В эти же месяцы — готовился к съемкам у С. И. Юткевича.
Нервничал. И там и здесь надо было играть Ленина, которого он впервые играл в театре в «Правде» А. Корнейчука и затем в фильме «Человек с ружьем» десятилетия назад…
Ведь тогда он был молод…
Понимал, насколько сложно ему стало играть эту роль… Не появилась ли у него шаркающая походка? Нет ли старческих, не свойственных Ленину интонаций? «Нет? Вы уверены? На самом деле?»

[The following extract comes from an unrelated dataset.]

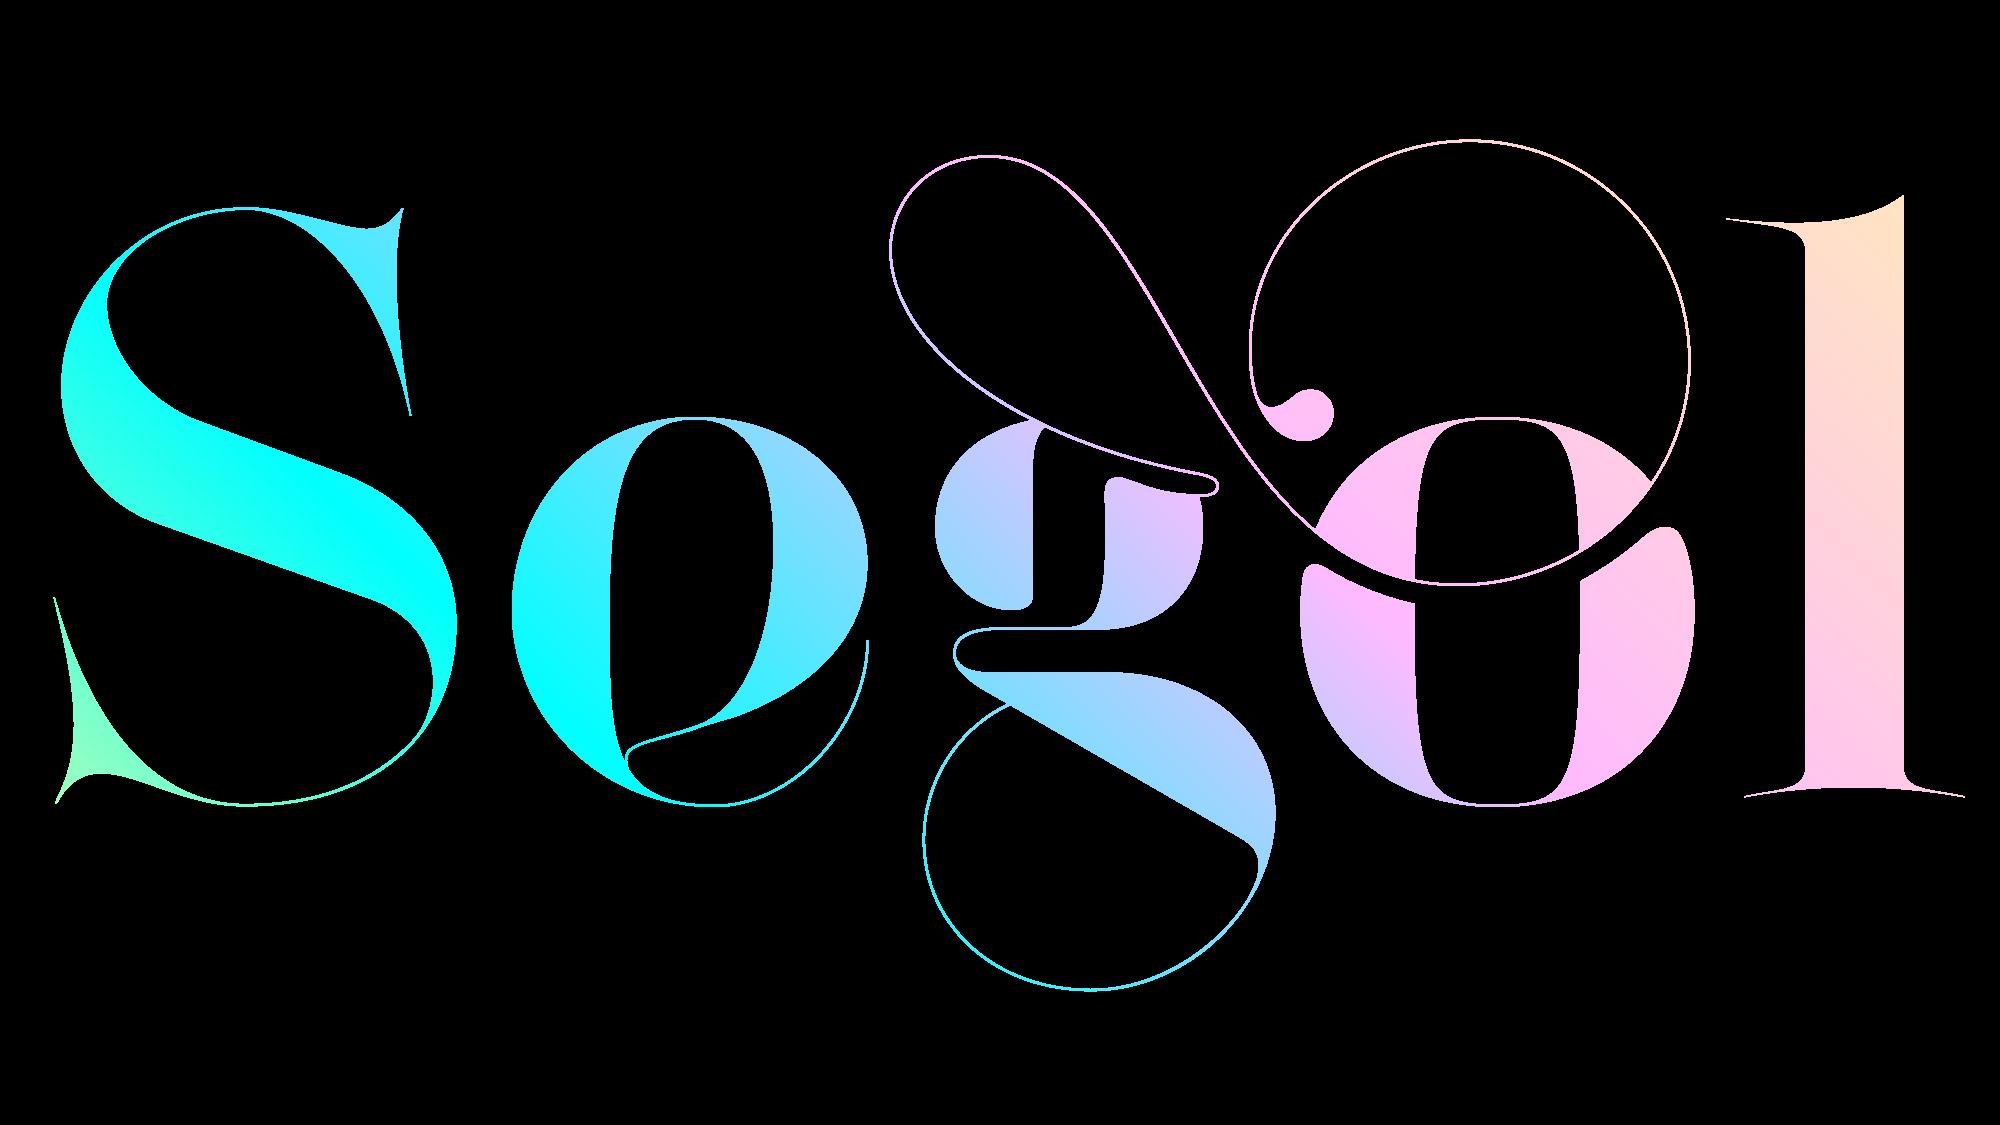 Segol Typeface

Мучило, заботило, тревожило.
И снова выпытывал у меня, что лучше в сцене ленинской бессонницы — полулежать в кресле или прилечь на диван? Кстати, почему именно Цюрупу увидел Ленин, глядя в окно, когда Цюрупа шел обедать? Хотелось автору просто упомянуть имя соратника Ленина или это как-то связано с ходом ленинской мысли? Писательская ли выдумка, что костюм, в котором ходил Ленин, куплен был еще в девятьсот седьмом году в Штутгарте или эта деталь опирается на мемуары Клары Цеткин, писала ли она что-либо на сей счет?
Ему нравилась и та деталь и эта, но он хотел иметь для каждого ленинского слова, интонации, запятой — художническое обоснование.

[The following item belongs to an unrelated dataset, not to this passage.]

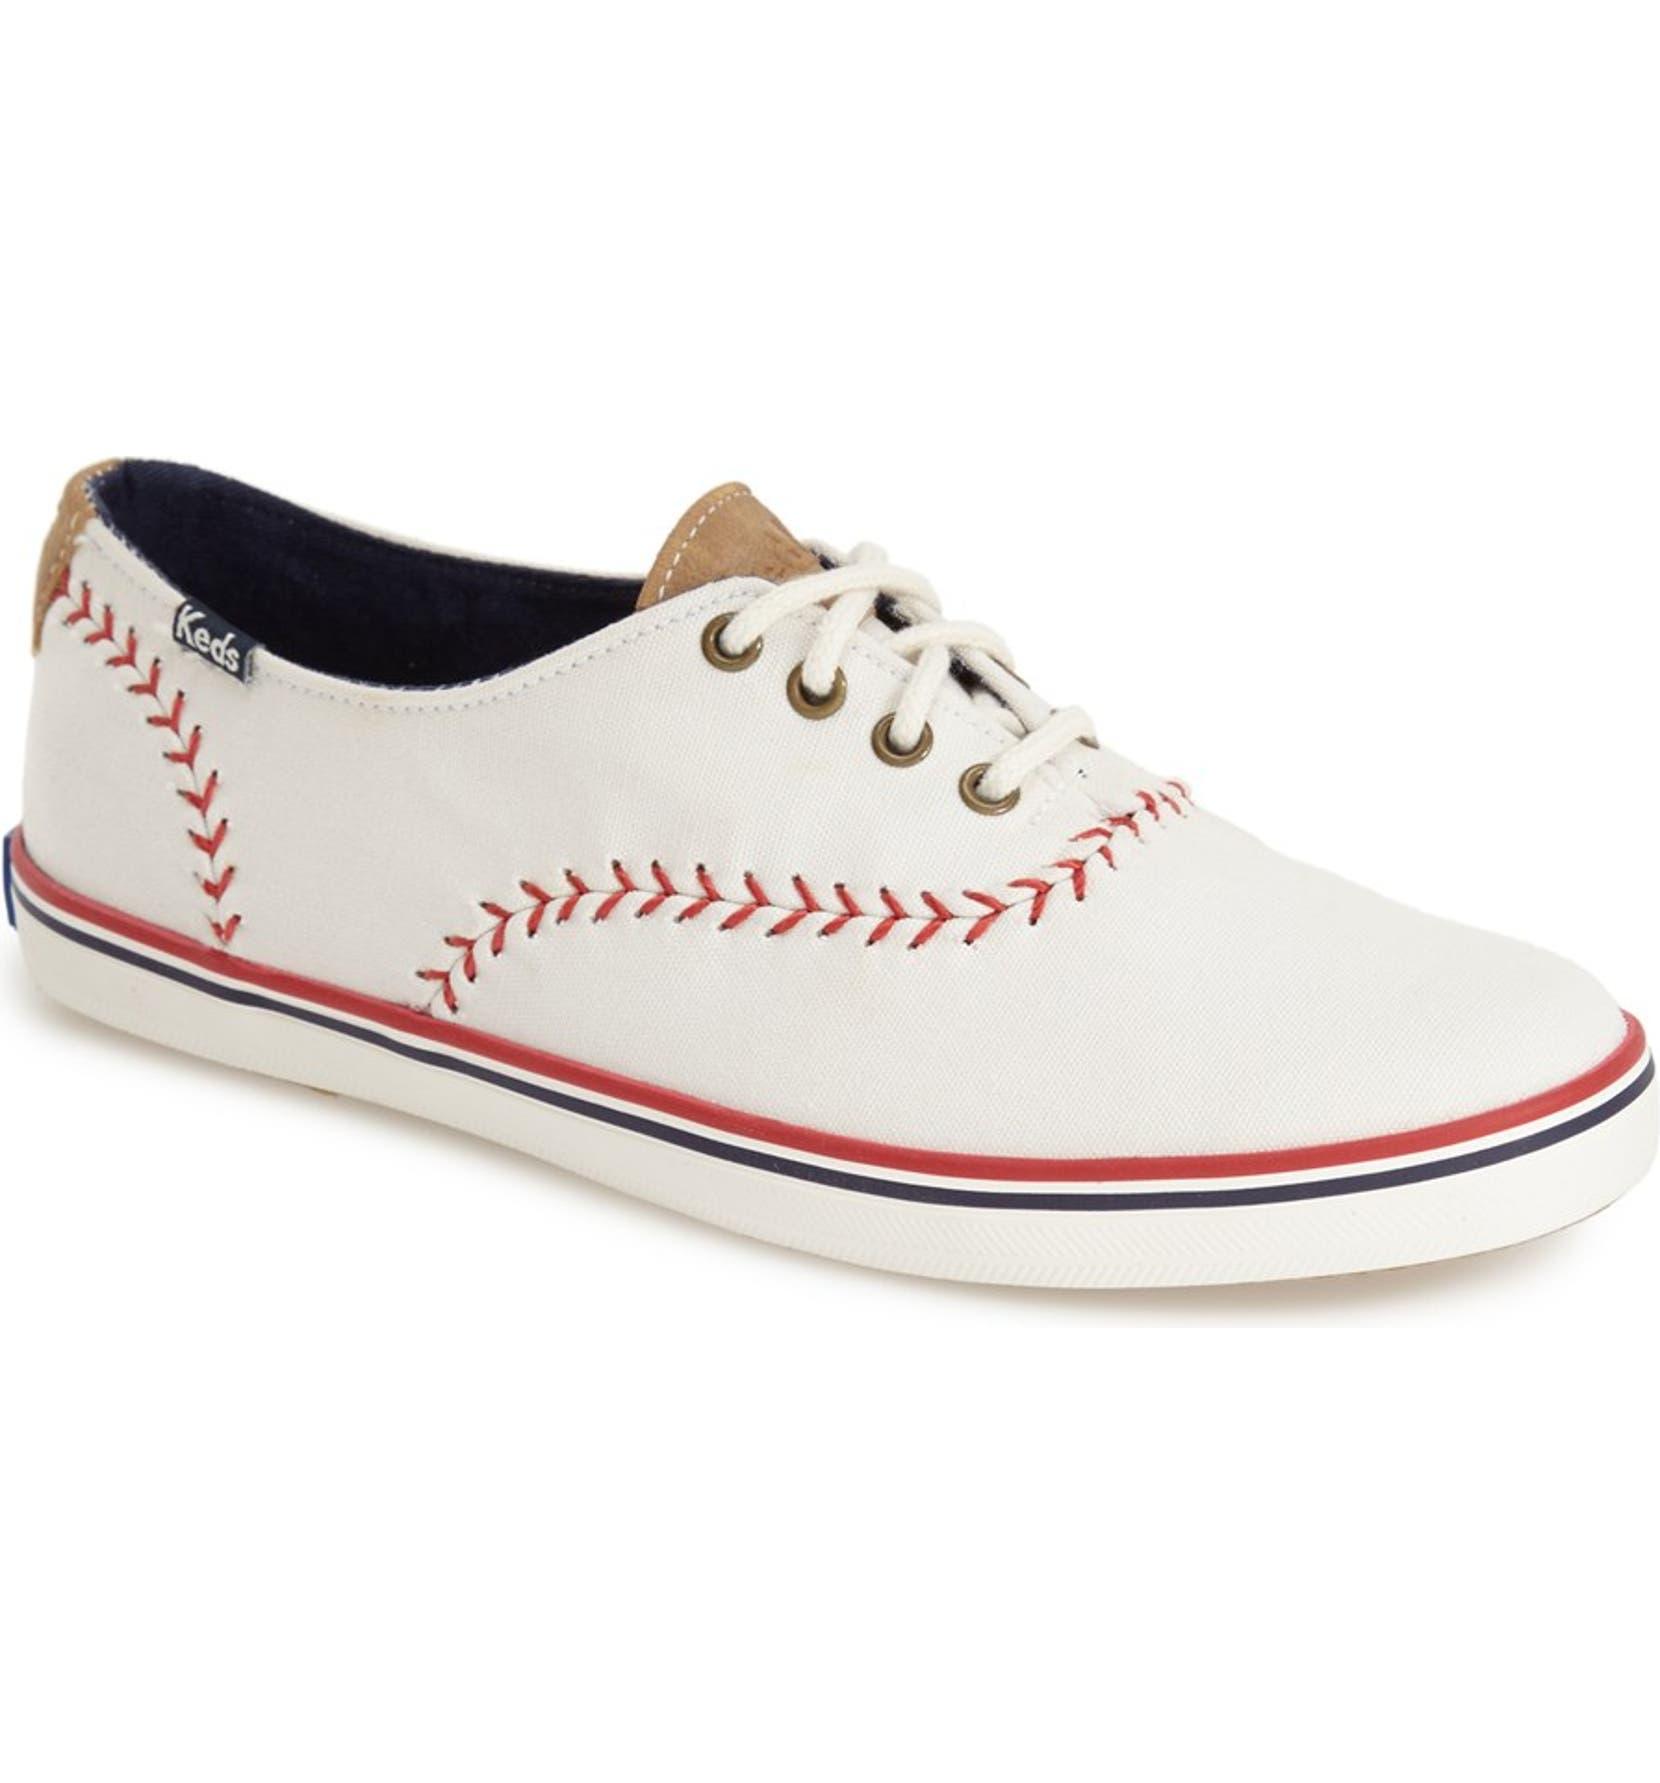 b3f3dc51417 Keds®  Champion - Pennant  Sneaker (Women)

Взыскательность наивысшая — и прежде всего к самому себе.
Ночной звонок.
— Почему вы не пришли на вечер поэзии в Политехнический? Там выступала Белла Ахмадулина. Поэзия и артистизм. Спросите ее, где и когда она еще будет выступать? Сейчас я запишу.

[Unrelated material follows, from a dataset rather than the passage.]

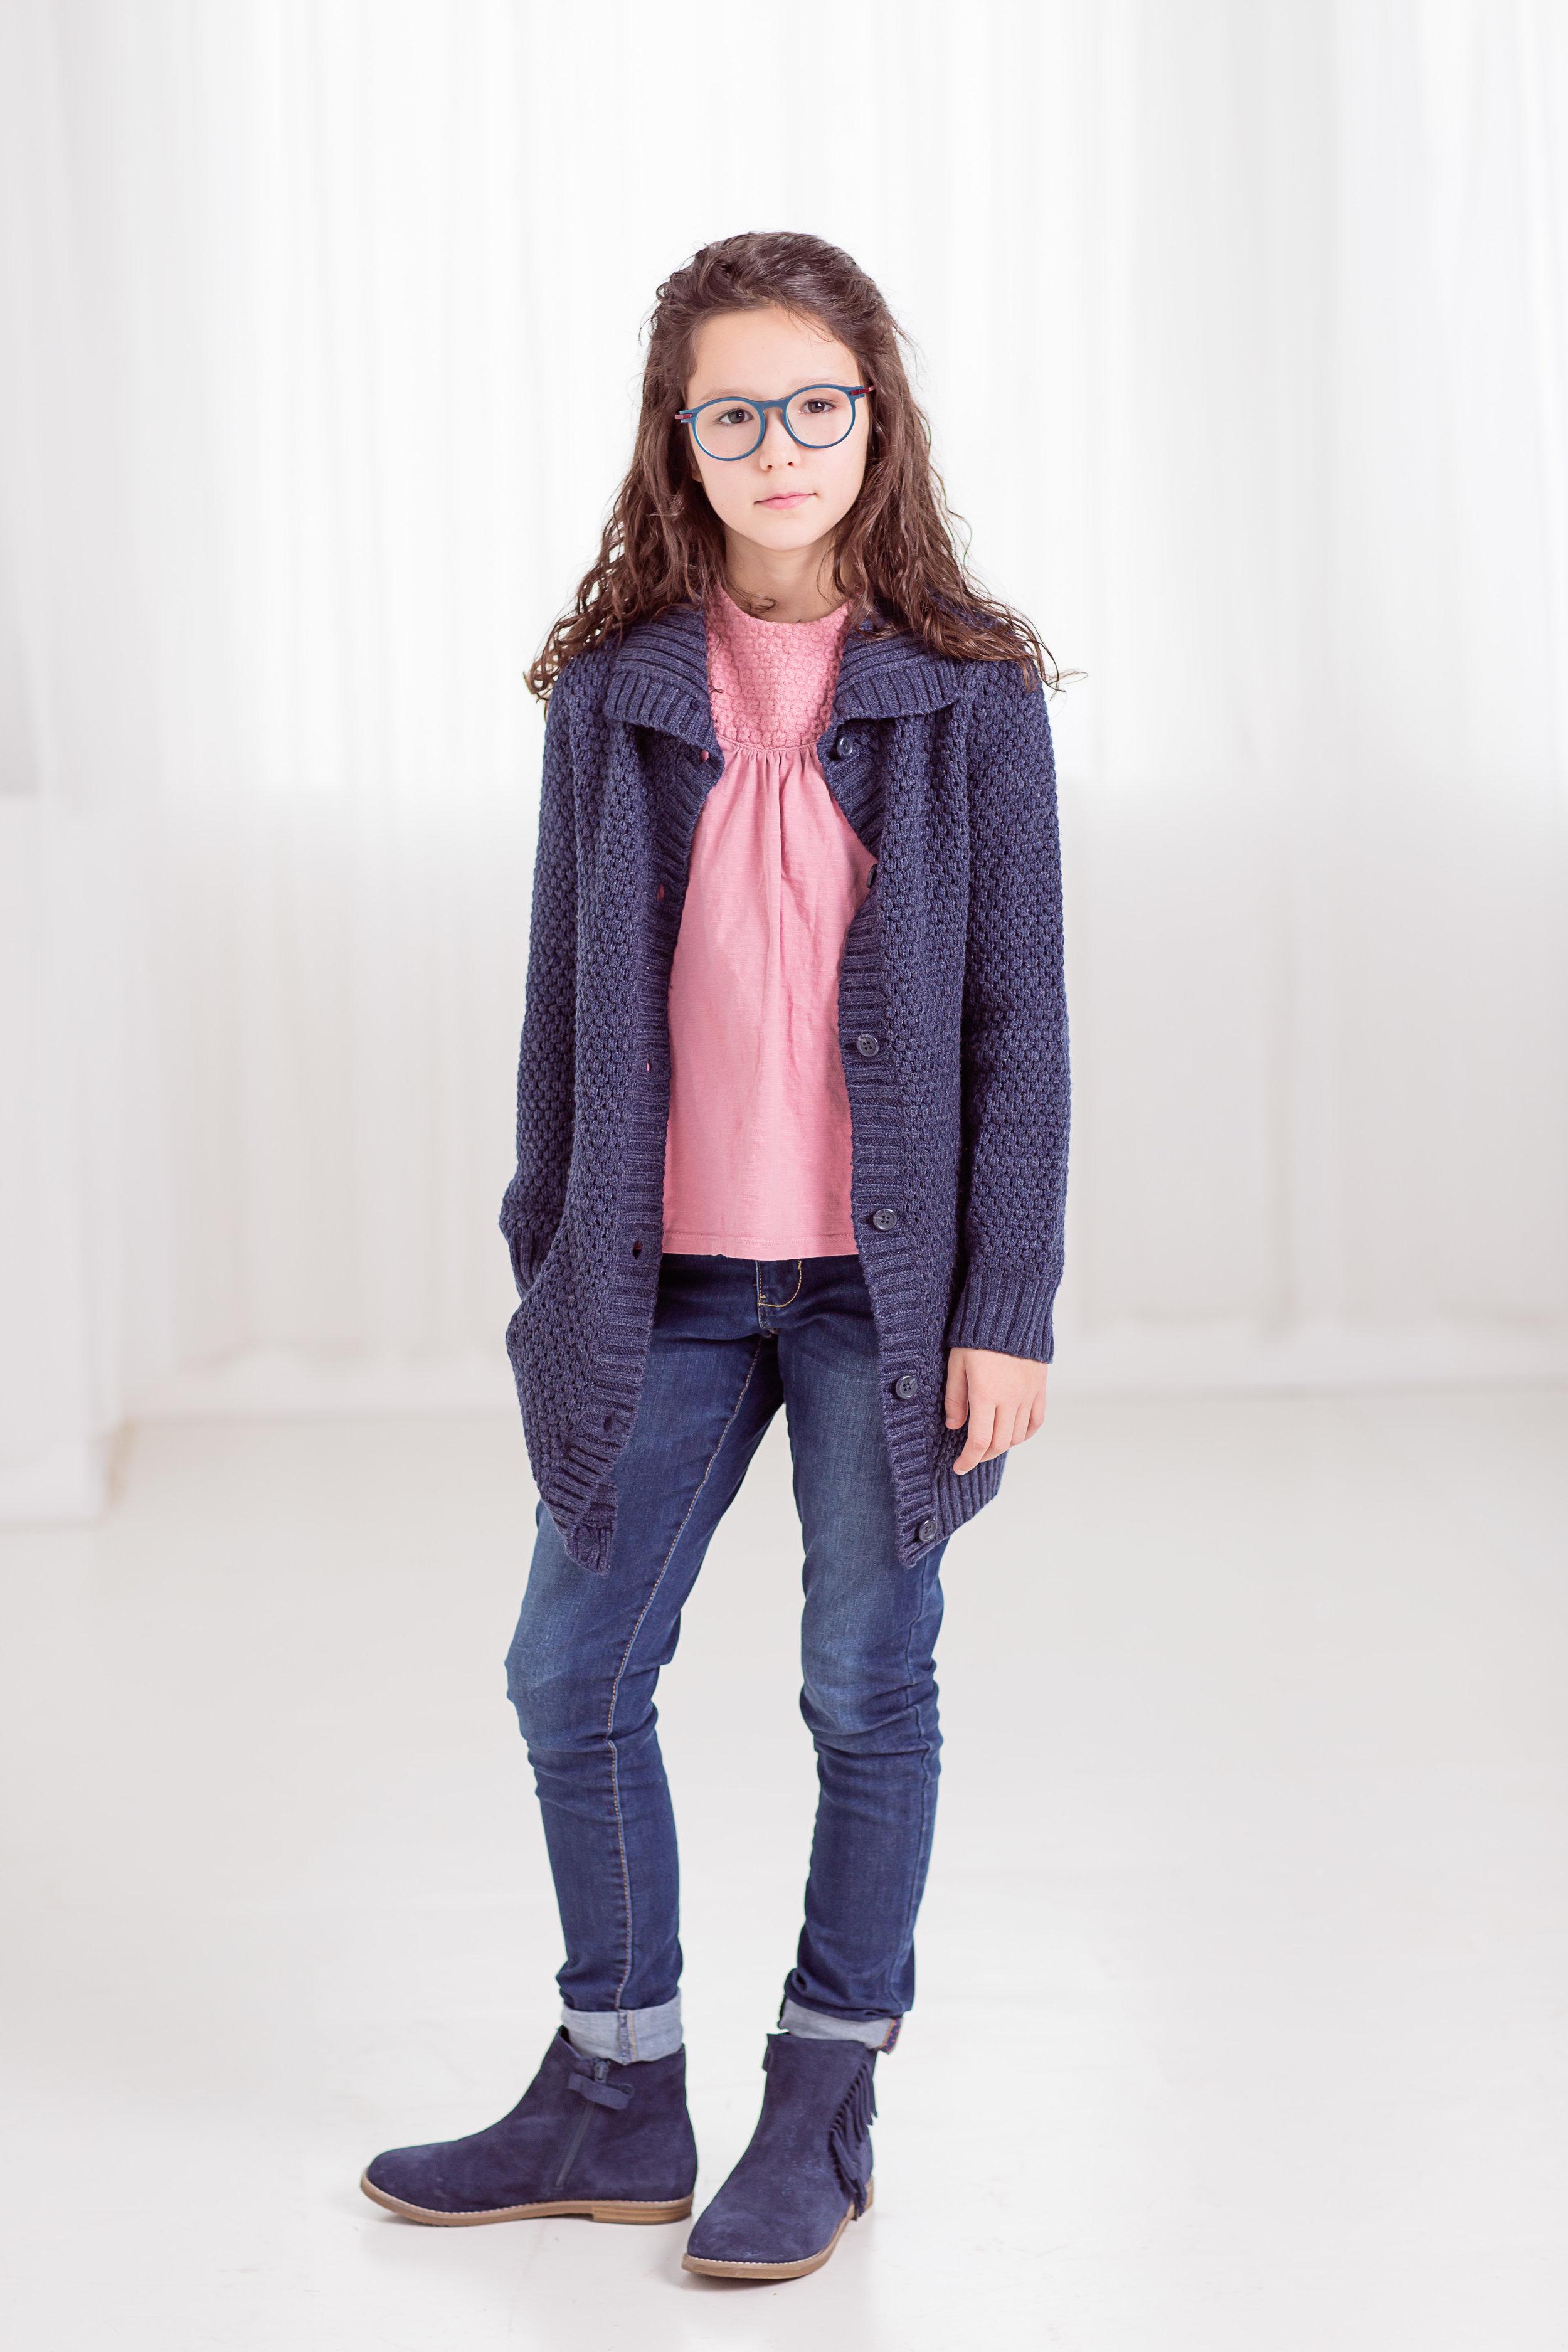 BiancaMorelloPortraits-AgencePeanut-kids-302.jpg

— Видели «Белорусский вокзал»? Это — новое. А вы — что считаете?
Еще звонок. И — последний.
За десять дней до конца.
— Обещано было мне вашей женой отдать в окантовку подаренную мне пименовскую литографию. Попросите, пожалуйста, чтобы осталась видна дарственная надпись Пименова. Так вы передадите? Запишите. Пожалуйста, если вам не трудно.
В «Рассказах о Ленине» нашел поэтический ключ к киноновелле Евгения Габриловича «Последняя осень» — камерная, чуть элегическая интонация и внутренний необозримый духовный мир…
Искал новых решений — когда снимался в последней своей картине о Ленине. И когда играл в последний раз на сцене Ленина в охлопковском спектакле «Между ливнями».
На премьере выходил вместе с артистами кланяться в финале. Единственный — без грима. Просто — Штраух. Максим Максимович.
В этом был его поразительный такт. Безукоризненное чувство вкуса. И артистизм.
Из больницы, за день до смерти, прислал записку в Театр имени Маяковского. Вот она:
«Похороните меня без орденов и венков. Сожгите меня, в земле холодно.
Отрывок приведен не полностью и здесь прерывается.